Yea, I considered the weight in my suggestion too. Do the 1x4's in two sets, like SAMDRL. We could do the 1x6's in four sets and cut the handling weight. 1x8's is probably overkill. End up giving OFRT hernias. :smile: 
//AC//


----------



## Ronborsk (Jan 28, 2006)

Gratz on the success guys. Pat yourselves on the back for a job well done. Wish I had time to be a part of if. Thanks for posting the pics. Looks like ya'll had an awesome day.


----------



## Gary (May 21, 2004)

Did I mention I was "*HOOKED*"? 

I honestly didnt think Drag Racing would be this exciting. But once I lined up with Big Joe in qualifing, I was hooked through and through! LOL


----------



## AHR43 (Aug 21, 2006)

*Whew...*

Hey all,
Points and records and newsletter is done. I will double check tomorrow before I go public. I'm tired of looking at numbers  I'm going out to the shop and work on my rail.
Oh, and thanks all for posting the images here. I put a link in the newsletter to access the images.
//AC//


----------



## slash (Sep 18, 2006)

*Alternative....*

Hey guys. People have been talking about an alternative to the sideboards made out of some sort of plastic. They are 1x4x8' strips just like the pine boards we use, but these are lightweight plastic or fiber boards. I believe you can purchase them at Lowes or Home Depot for about the same price. Not sure what they're used for. They might be worth looking into. I'm sorry I don't have further info on them. Since we have our sideboards in place, I stopped looking! I'm heading home from work and gonna go straight to the trailer and play with my cars! Joy, joy!


----------



## AHR43 (Aug 21, 2006)

*RE: more sideboard options*



slash said:


> Hey guys. People have been talking about an alternative to the sideboards made out of some sort of plastic. They are 1x4x8' strips just like the pine boards we use, but these are lightweight plastic or fiber boards. I believe you can purchase them at Lowes or Home Depot for about the same price. Not sure what they're used for. They might be worth looking into. I'm sorry I don't have further info on them. Since we have our sideboards in place, I stopped looking! I'm heading home from work and gonna go straight to the trailer and play with my cars! Joy, joy!


Slash,
Thanks. I'll check for those too.

All,
Here's a link courtesy Mike Ogle that shows how MN RC Dragway uses PVC piping as sideboards:

http://www.songasracing.20m.com/photo2_1.html

We have options to consider and time to consider them.
//AC//


----------



## Gary (May 21, 2004)

I like the idea of PVC pipe also. I have ALOT of experiance running into PVC and it doesent hurt the cars.


----------



## Gary (May 21, 2004)

AHR43 said:


> Hey all,
> Points and records and newsletter is done. I will double check tomorrow before I go public. I'm tired of looking at numbers  I'm going out to the shop and work on my rail.
> Oh, and thanks all for posting the images here. I put a link in the newsletter to access the images.
> //AC//


Excellent job on the newsletter bro! Very nice!


----------



## slash (Sep 18, 2006)

*Finally posted....*

Hey kids. Finally got the Texas Twister race results posted on our web site. Got the round by round results and pictures. The link is off of the News page. Enjoy!
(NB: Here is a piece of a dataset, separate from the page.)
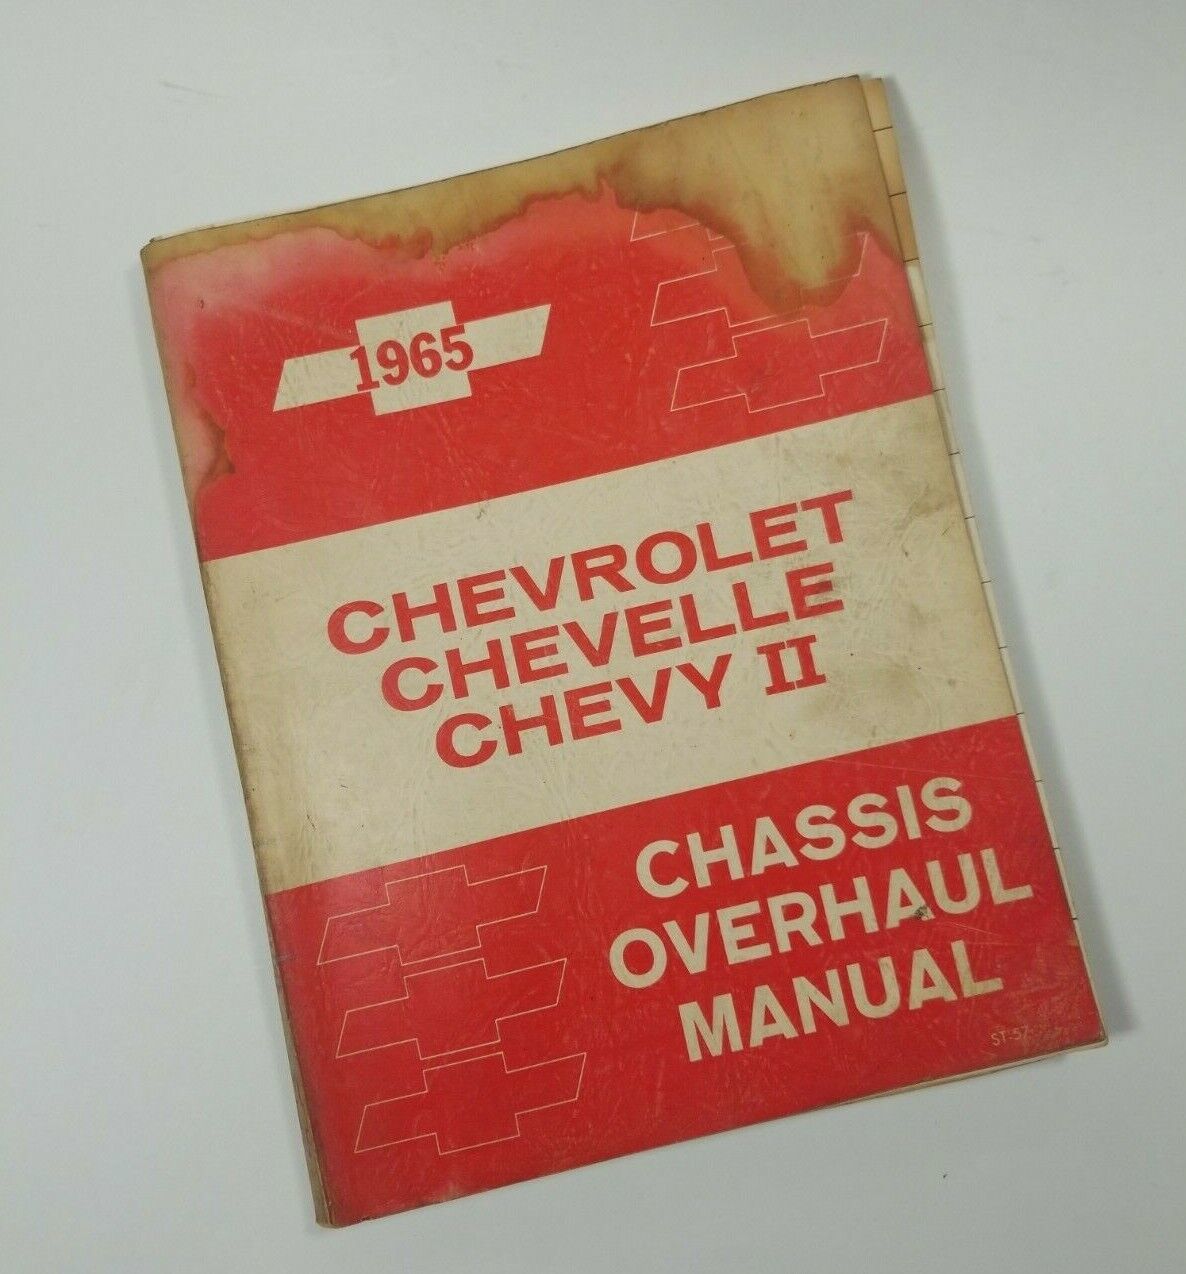 Primary image for 1965 Chevrolet Chevelle Chevy Chassis Overhaul Manual Car Repair

http://www.sadragracing.com/index_files/News/news.htm


----------



## PD2 (Jul 1, 2005)

Awesome job on the layout and summary of the TT race Slash! I know that was a lot of hard work! VERY awesome job of keeping it all straight and definitely nice layout with the complete picture roll.
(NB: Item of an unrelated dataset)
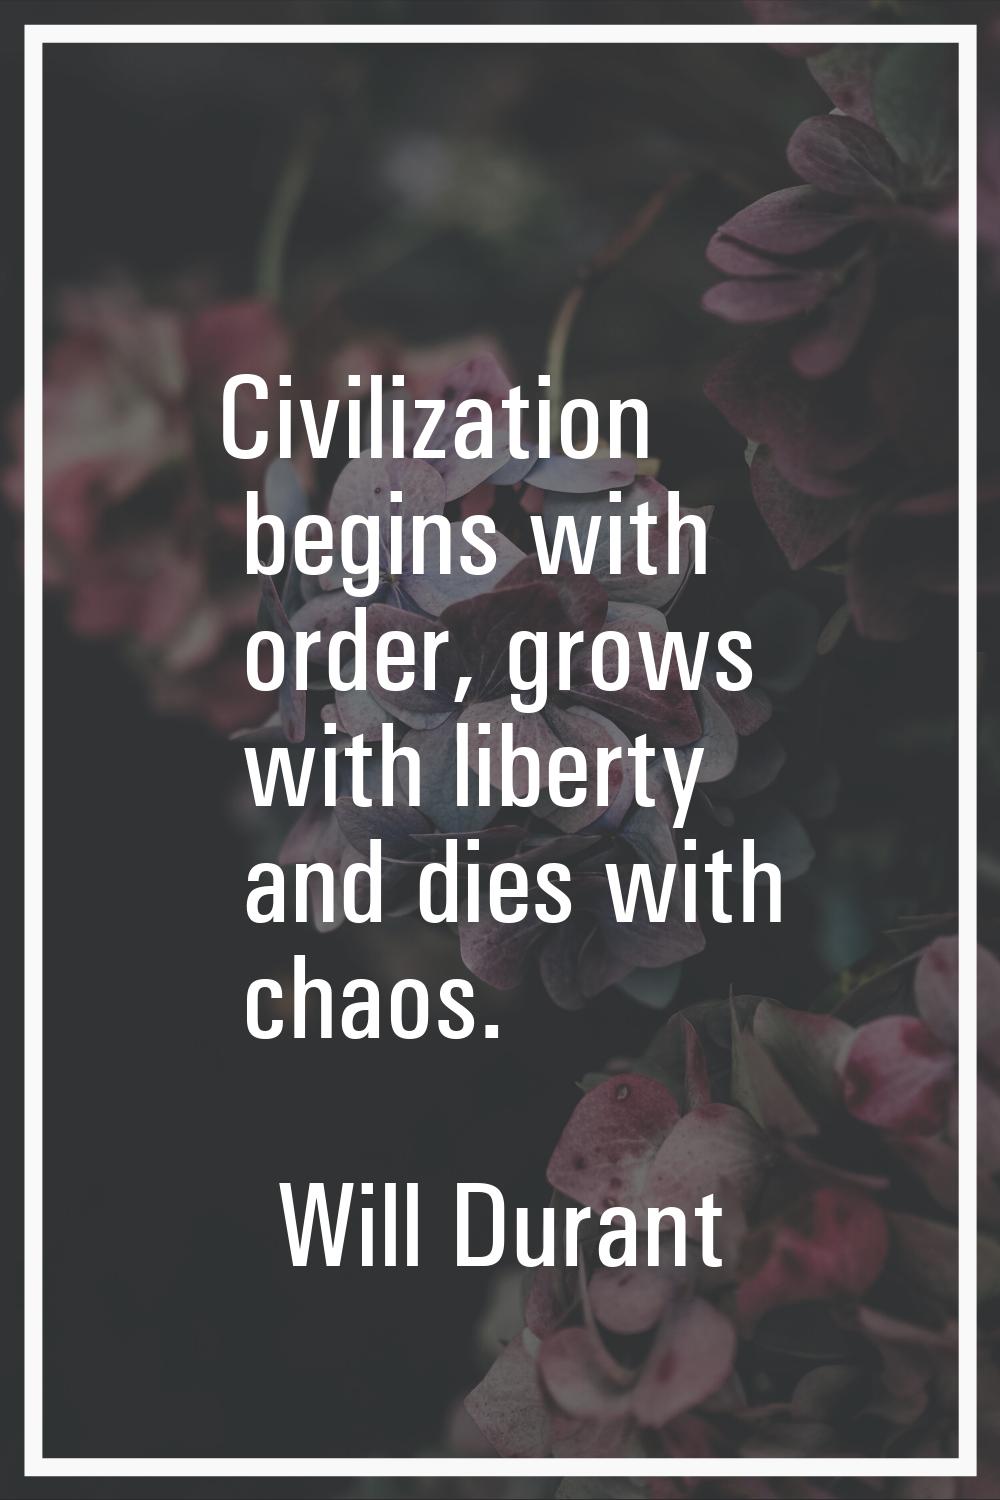 Civilization begins with order, grows with liberty and dies with chaos.

Thanks for all that you do for HAMDRL!
PD2


----------



## slash (Sep 18, 2006)

It's my pleasure!


----------



## mongo88 (Aug 19, 2004)

Sounds like you guys had alot of fun last weekend. Congrats on the first race guys!


----------



## AHR43 (Aug 21, 2006)

*Outstanding Race Report*

Thanks Slash,
Another great job of production! How about that 'Texas Twister Series" logo guys, complete with the 'twister' over H-town. Are you going to electronically move the 'twister' over SA for the next two events? Could we maybe use that logo on the next event flyer? Maybe put a rail on the next event flyer. How about alternating b/w FC and Rail like O'Reilly does for its H-town NHRA Nats?

Oh!, and the Pinewood Derby coverage was great too! Henry was making good use of his Saturday for a change-instead of terrorizing the tree. j/k Good for all of you. I know the kids look forward to having you back every year.

Guys, when we get our program here in H-town locked in, we need to embrace a kids program of some type. Maybe, just maybe we can show how much fun RC drag racing is, and help guide a few kids away from the lure of the dark side.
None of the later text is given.